Image generation is exposed in two compatibility shapes:

  • OpenAI-style POST /v1/images/generations
  • OpenAI Responses hosted tool {"type":"image_generation"}

Current image-generation caveats:

  • OpenAI POST /v1/responses supports streaming image-generation events
  • POST /v1/images/generations remains non-streaming
  • Anthropic POST /v1/messages image generation streaming is exposed as a Codexia extension that emits image content blocks only once the upstream response completes
  • generated images are returned as base64 payloads
  • Anthropic compatibility uses a Codexia extension that returns content: [{"type":"image","source":{"type":"base64",...}}] on POST /v1/messages when the request includes a tool named image_generation

Anthropic compatibility currently covers:

  • GET /v1/models with an anthropic-version header
  • POST /v1/messages
  • POST /v1/messages/count_tokens
  • POST /v1/messages/batches
  • GET /v1/messages/batches
  • GET /v1/messages/batches/{batch_id}
  • POST /v1/messages/batches/{batch_id}/cancel
  • DELETE /v1/messages/batches/{batch_id}
  • GET /v1/messages/batches/{batch_id}/results
  • x-api-key or authorization: Bearer ... local auth
  • Anthropic-style SSE events for streaming text and tool use

Message batches execute asynchronously in a background task.

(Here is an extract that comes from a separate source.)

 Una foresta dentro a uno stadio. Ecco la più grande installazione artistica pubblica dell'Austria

Cancellation is best-effort at request boundaries inside the batch worker: requests that have already started are allowed to finish, while not-yet-started requests are marked as canceled.

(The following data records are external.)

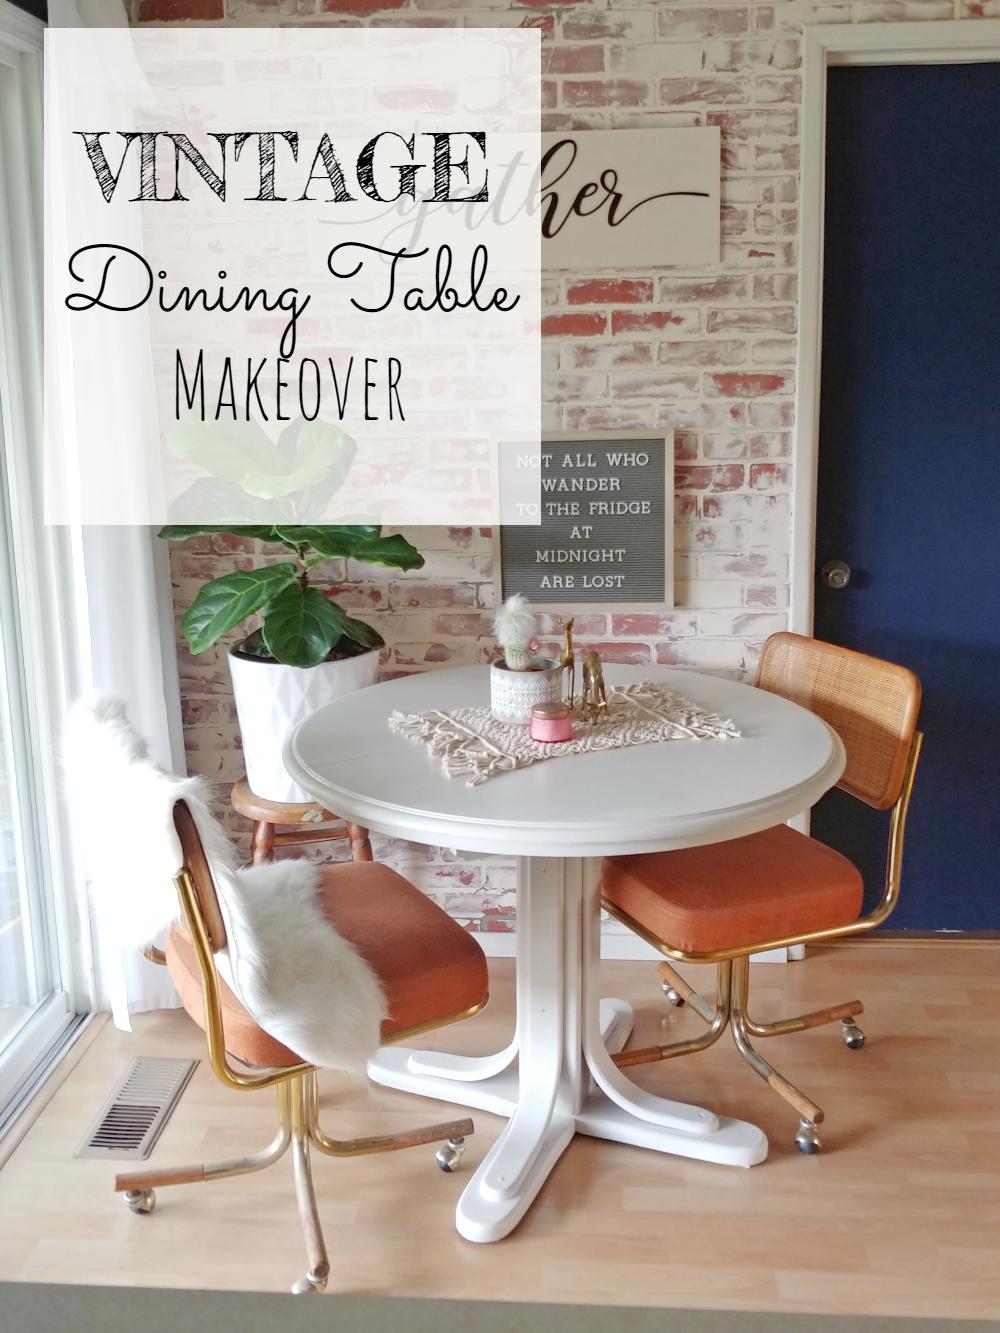 Vintage Dining Table Makeover - Little Vintage Cottage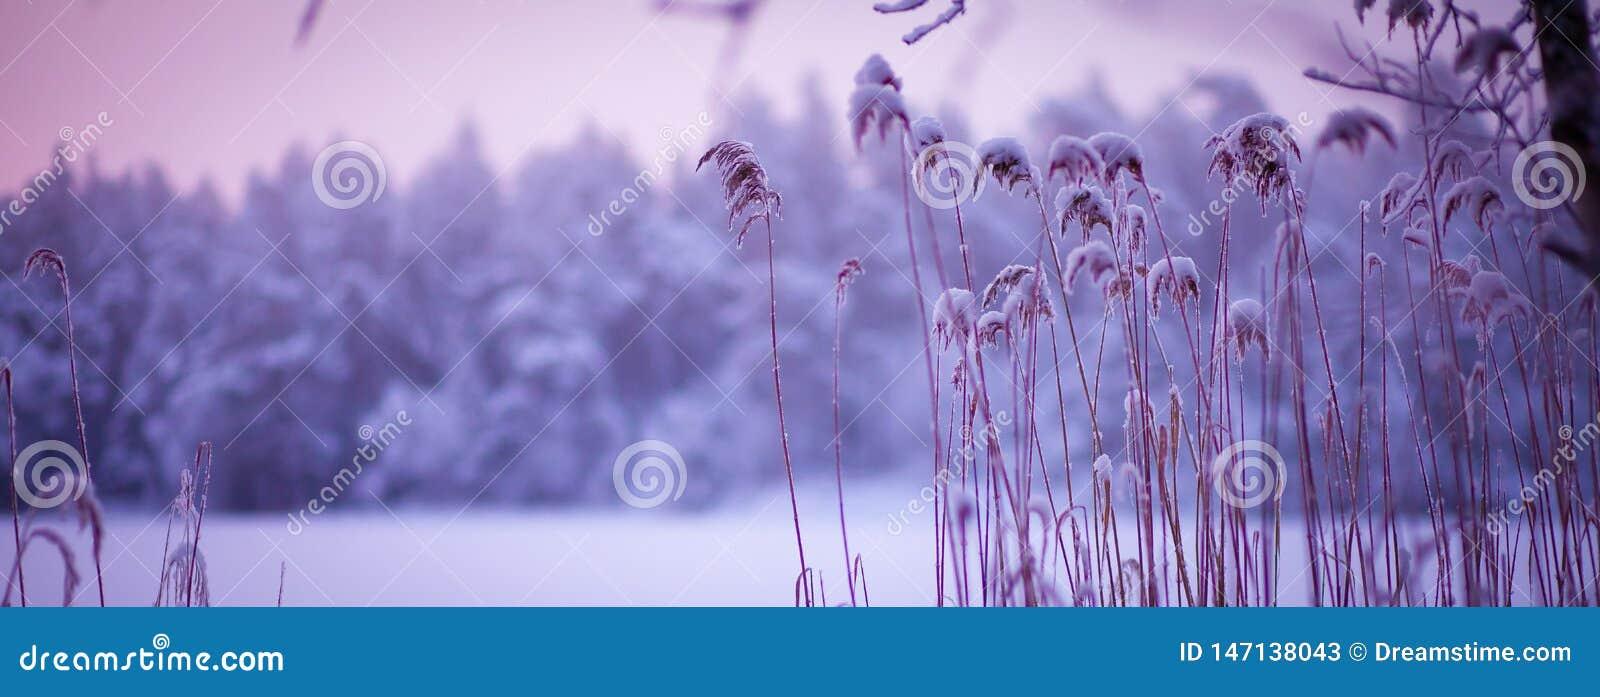 Atmosphärische Winterschneelandschaft mit purpurroten Tönen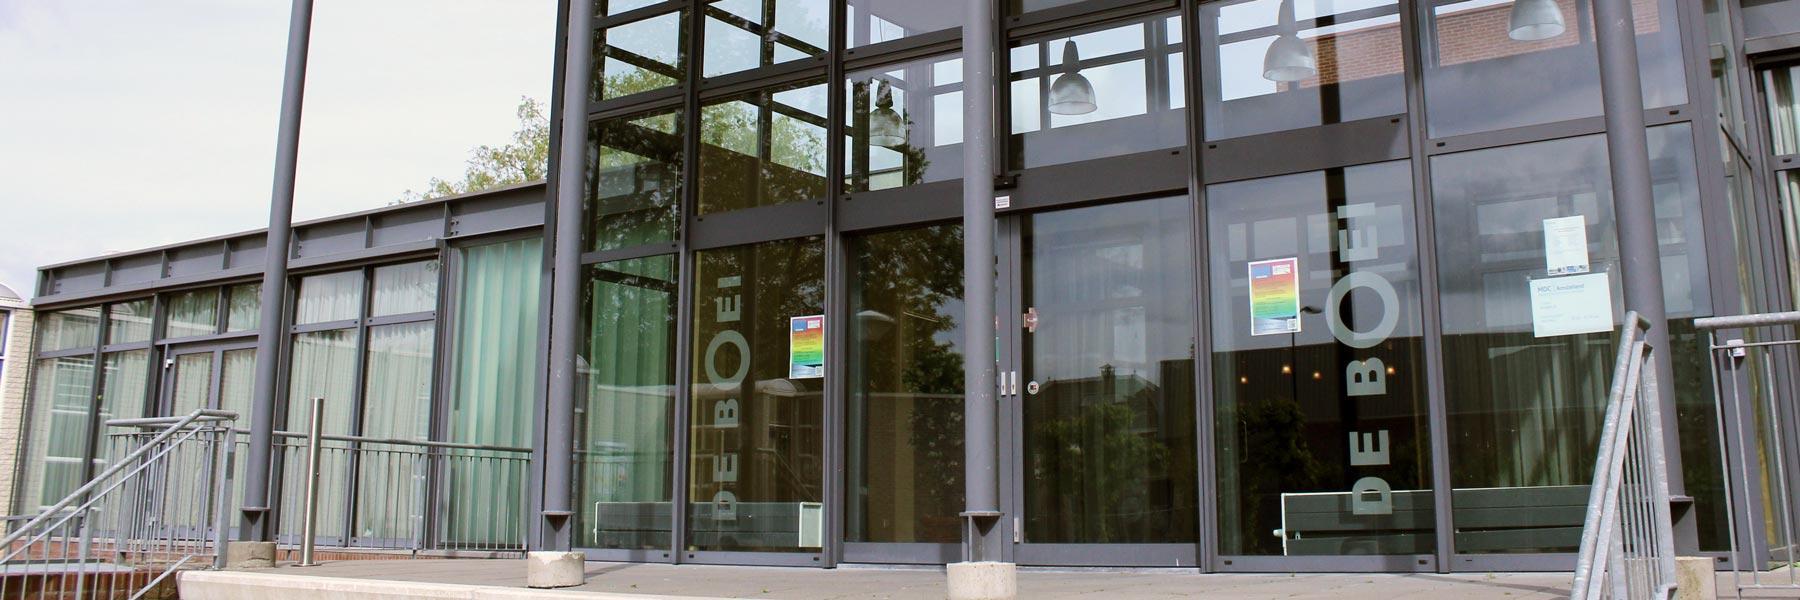 Sociaal Cultureel Centrum de Boei 2

The implementation intentionally follows Ollama's compatibility strategy where possible: Anthropic headers are accepted, locally configured auth is enforced, and unsupported advanced Anthropic-only features are ignored rather than rejected when possible.

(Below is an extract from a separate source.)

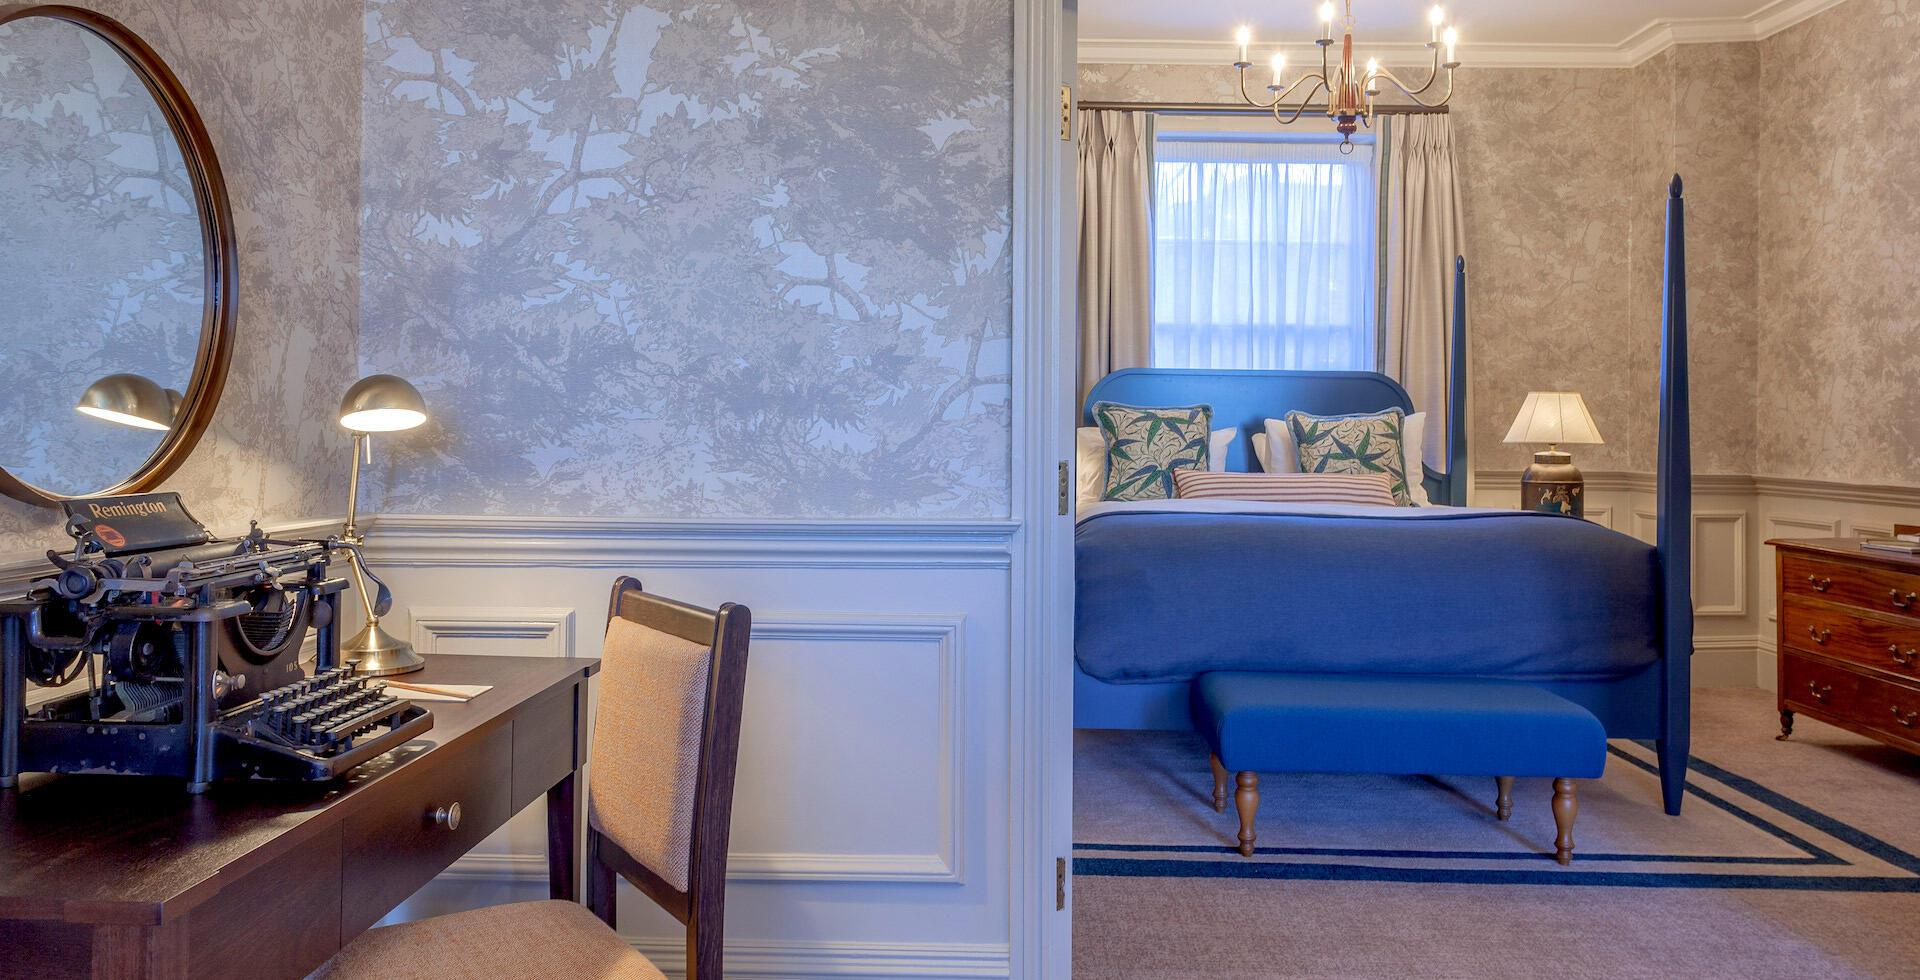 Accommodation at Richmond Hill Hotel

The OAuth flow follows OpenClaw/pi-ai's Codex flow: PKCE, manual paste of the http://localhost:1455/auth/callback?... redirect URL, token exchange at https://auth.openai.com/oauth/token, and Codex requests to https://chatgpt.com/backend-api/codex/responses.

Disclaimer

Codexia is an unofficial compatibility tool. It is not affiliated with, endorsed by, or supported by OpenAI or Anthropic.

You are responsible for making sure your usage complies with the terms, policies, account restrictions, and data-handling obligations that apply to your upstream account and deployment environment. In particular, do not assume that personal OAuth-backed access can be shared, resold, or safely exposed as a multi-user hosted service. The LGPLv3 license for this repository does not change those upstream restrictions.

License

Copyright (c) 2026 Codexia contributors.

Licensed under the GNU Lesser General Public License v3.0 only. See LICENSE.